I did not buy an around-the-world ticket because many of my destinations and work projects were unconfirmed/undecided before my departure. I opted to maintain greater flexibility, and ended up visiting countries and participating in projects based on the recommendations of people I met on the road. This flexibility came with a price tag. But in the famous words of French songwriter Charles Dumont – “Non, je ne regrette rien.”

Accommodation: The goal was to exchange work for food and accommodation, but some projects were unable to offer housing and the occasional project simply did not workout (read: Morocco or Scotland). I did occasionally pay for accommodation, but the total cost to accommodate myself was minimal compared to renting a flat for a year in any western urban location.
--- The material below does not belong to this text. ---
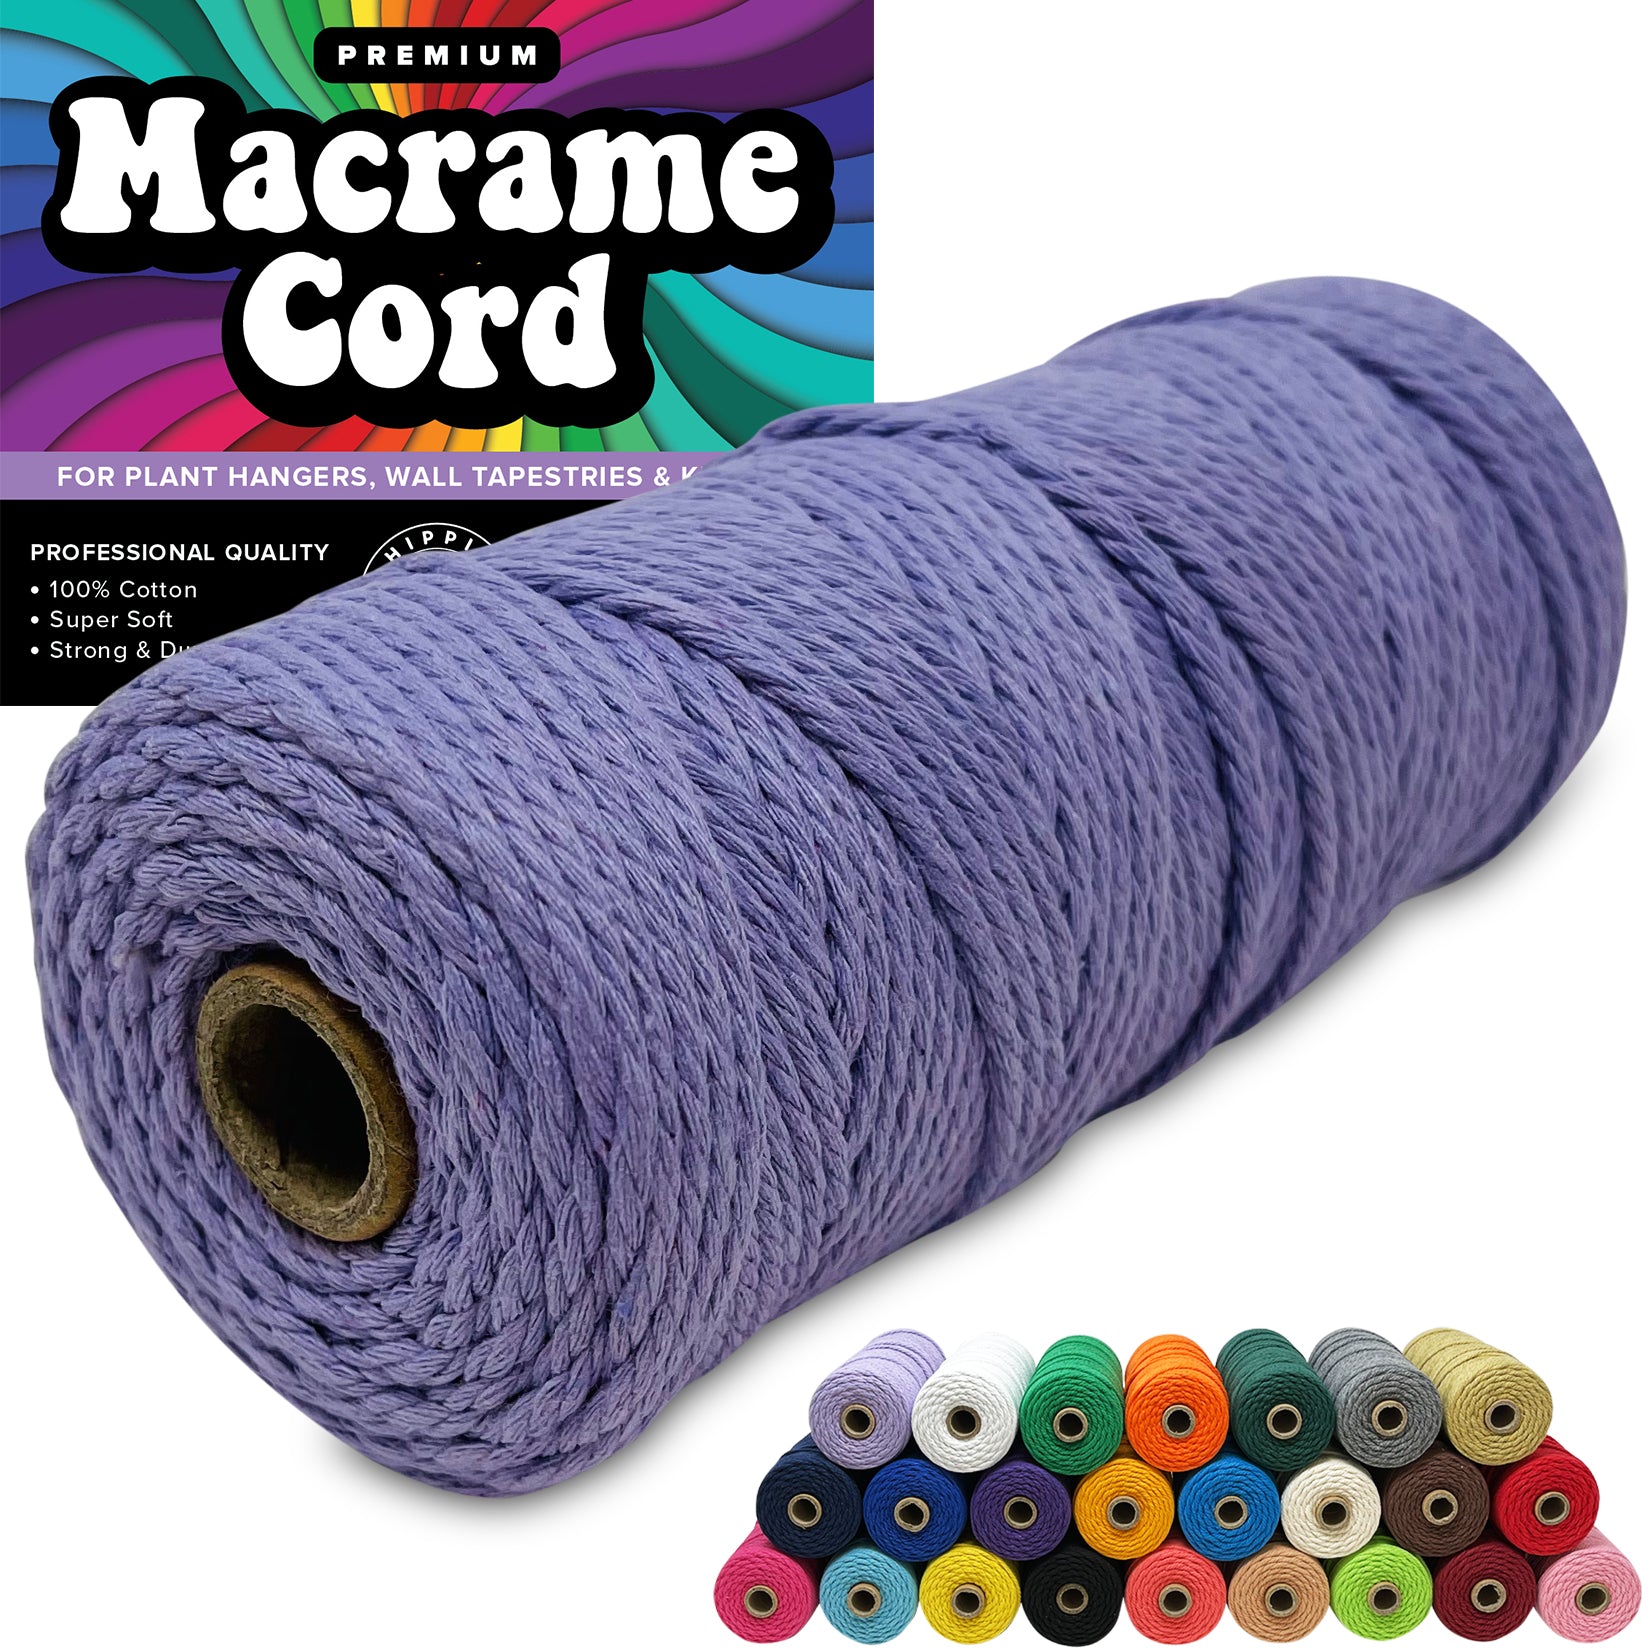 Periwinkle 100% Cotton Cord Rope for Macrame 3mm Natural and Colored Craft String Yarn Materials 325 Feet, adult Unisex, Size: Small, Purple

Reciprocity Donations: Some of the work projects requested administrative fees, or had other types of costs to be involved. Attaching cost to volunteerism is certainly fodder for a debate on the true meaning of ‘volunteering’. But I opted for non-absolutism in my travel philosophy. Essentially this meant that I would evaluate the overall learning potential of an experience, and sometimes this meant paying minimal fees to be involved.

Entry/Exit fees: Fairly self-explanatory. Some countries, such as India or Argentina have fees to enter or exit the nation. Fees can vary from one year to another, and often are scaled based upon the traveller’s country of origin (i.e. If you’re from a more developed nation, expect to pay more fees).

Health Insurance: I opted for a Canadian company that provided up to $1 million of coverage. For my one month in New Orleans I had to buy separate (and more expensive) insurance for coverage specifically in the USA (included in the $471 total). When purchasing international travel insurance, my advice is to ensure each country you are visiting is covered. Read the fine print.

Membership Fees: The cost to join certain online networks that match travellers with locals. These fees were DEFINITELY worth it.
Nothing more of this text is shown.